地球信息科学学报 ›› 2022, Vol. 24 ›› Issue (6): 1189-1203.doi: 10.12082/dqxxkx.2022.210727

• 遥感科学与应用技术 • 上一篇    下一篇

基于MAEU-CNN的高分辨率遥感影像建筑物提取

张华1(), 郑祥成1, 郑南山1,*(), 史文中2   

  1. 1.中国矿业大学环境与测绘学院,徐州 22116
    2.香港理工大学土地测量及地理资讯学系,香港 999077
  • 收稿日期:2021-11-15 修回日期:2021-12-01 出版日期:2022-06-25 发布日期:2022-08-25
  • 通讯作者: *郑南山(1974— ),男,安徽安庆人,博士,教授,主要从事遥感数据处理与应用。E-mail: znshcumt@163.com
  • 作者简介:张 华(1979— ),男,安徽合肥人,博士,副教授,主要从事遥感数据智能解译及GIS理论与应用研究。E-mail: zhhua_79@163.com
  • 基金资助:
    国家自然科学基金项目(41971400);国家自然科学基金项目(41974039)

Building Extraction from High Spatial Resolution Imagery based on MAEU-CNN

ZHANG Hua1(), ZHENG Xiangcheng1, ZHENG Nanshan1,*(), SHI Wenzhong2   

  1. 1. School of Environment and Spatial Informatics, China University of Mining and Technology, Xuzhou 22116, China
    2. Department of Land Surveying and Geo-informatics, The Hong Kong Polytechnic University, Hongkong 999077, China
  • Received:2021-11-15 Revised:2021-12-01 Online:2022-06-25 Published:2022-08-25
  • Supported by:
    National Natural Science Foundation of China(41971400);National Natural Science Foundation of China(41974039)

摘要:

从高空间分辨率图像(HSRI)中提取建筑物信息在遥感应用领域具有重要意义。然而,由于遥感影像中的建筑物尺度变化大、背景复杂和外观变化大等因素,从HSRI中自动提取建筑物仍然是一项具有挑战性的任务。特别是从影像中同时提取小型建筑物群和具有精确边界的大型建筑物时,难度更大。为解决这些问题,本文提出了一种端到端的编码器-解码器神经网络模型,用于从HSRI中自动提取建筑物。所设计的网络称为MAEU-CNN(Multiscale Feature Enhanced U-shaped CNN with Attention Block and Edge Constraint)。首先,在设计的网络编码部分加入多尺度特征融合(MFF)模块,使网络能够更好地聚集多个尺度特征。然后,在编码器和解码器部分之间添加了多尺度特征增强模块(MFEF),以获得不同尺寸的感受野,用于获取更多的多尺度上下文信息。在跳跃连接部分引入双重注意机制,自适应地选择具有代表性的特征图用于提取建筑物。最后,为了进一步解决MAEU-CNN中由于池化及卷积操作导致的分割结果边界模糊的问题,引入多任务学习机制,将建筑物的边界几何信息融入网络中以优化提取的建筑物边界,最终获得精确边界的建筑物信息。MAEU-CNN在ISPRS Vaihingen语义标记数据集和WHU航空影像数据集2种不同尺度建筑物数据集上进行了试验分析,在ISPRS Vaihingen语义标记数据集上,MAEU-CNN在精度、F1分数和IoU指标中获得了最高精度,分别达到了93.4%、93.62%和88.01%;在WHU航空影像数据集上,召回率、F1分数和IoU指标中也获得了最高精度,分别达到了95.45%、95.58%和91.54%。结果表明,本文所提出的MAEU-CNN从遥感图像中提取建筑物信息精度较高,并且对于不同尺度具有较强的鲁棒性。
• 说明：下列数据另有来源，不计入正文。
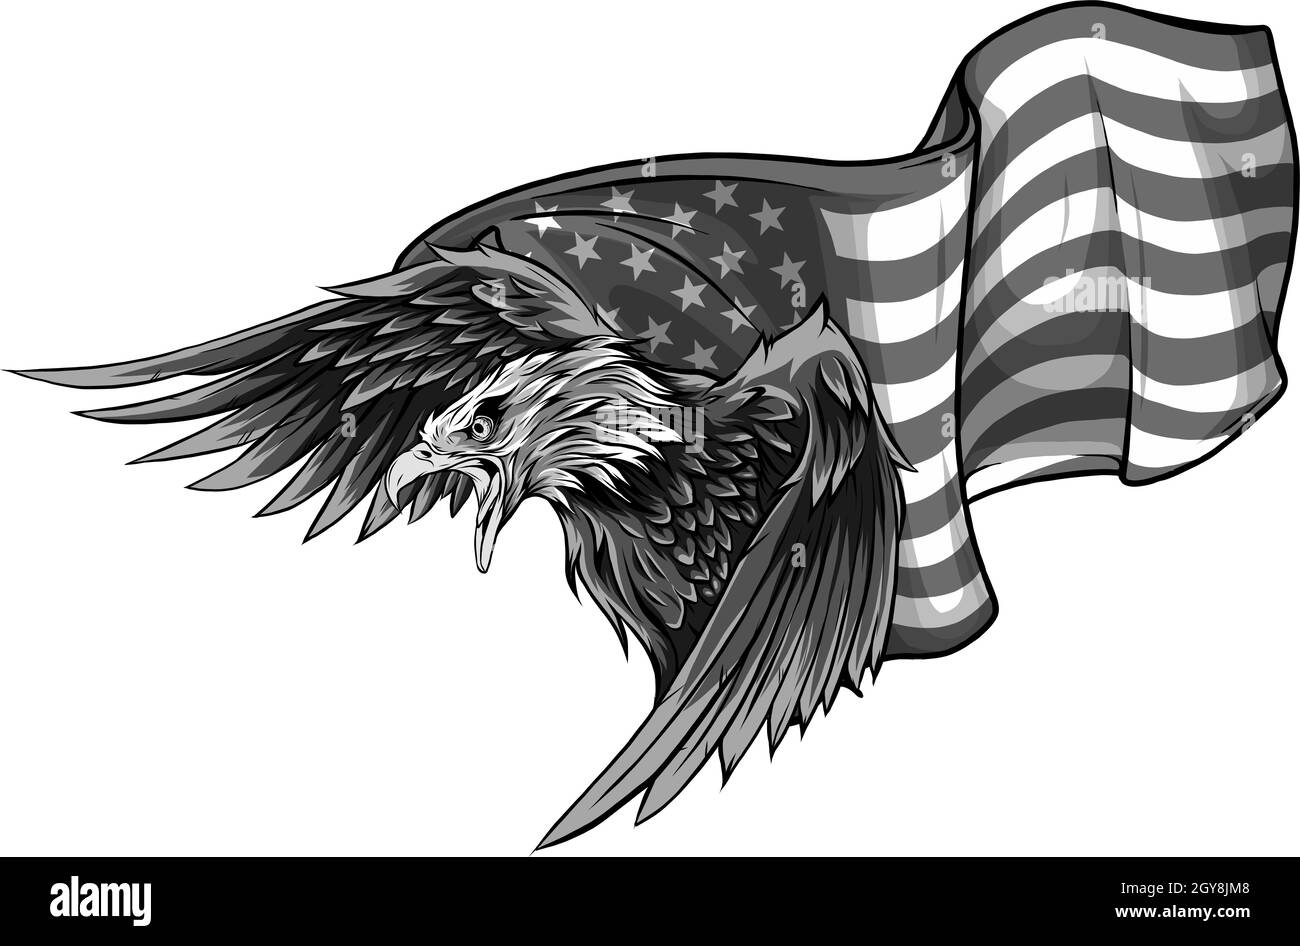 Illustration de l'aigle américain contre le drapeau américain Banque D'Images

关键词: 建筑物提取, 深度学习, 注意力机制, 多任务学习, 多尺度特征增强, 感受野, 边界约束, 高分辨率遥感影像

Abstract:

Extraction of buildings from High Spatial Resolution Imagery (HSRI) plays an important role in remotely sensed imagery application. However, automatically extracting buildings from HSRI is still a challenging task due to factors such as large-scale variation of buildings, background complexity, and variation in appearance, etc. Especially, it is difficult in extracting both crowded small buildings and large buildings with accurate boundaries. To address these challenges, this paper presents an end-to-end encoder-decoder model to automatically extract buildings from HSRI. The designed network is called multiscale feature enhanced U-Shaped CNN with attention block and edge constraint (MAEU-CNN). Firstly, a Multiscale Feature Fusion (MFF) module is adopted in the encoder part of the network, which enables the network to aggregate features from multiple scales. Then, a Multi-scale Feature Enhancement module (MFEF) is added between the encoder and decoder parts to obtain multiscale receptive fields for obtaining multiscale context information. Thirdly, a dual attention mechanism is introduced to adaptively select representative feature maps for extraction of buildings instead of direct skipping connections. Lastly, in order to further solve the problem of segmentation result with poor boundaries aroused by the pooling operations in the MAEU-CNN, the geometric information of building boundary is introduced into the proposed MAEU-CNN by multi-task learning using the distance class map to produce fine-grained segmentations with precise boundaries. The performance of MAEU-CNN is examined through two different data sets at different building scales. The results show that MAEU-CNN obtains the greatest accuracy in each data set. The Precision, F1, and IoU is 93.4%, 93.62%, and 88.01%, respectively using the ISPRS Vaihingen semantic labeling contest data set. The Recall, F1, and IoU reach 95.45%, 95.58%, and 91.54%, respectively, using the WHU aerial image data set. Experimental results demonstrate that our proposed MAEU-CNN can achieve high accuracy for the extraction of building from remotely sensed imagery and show great robustness at different scales.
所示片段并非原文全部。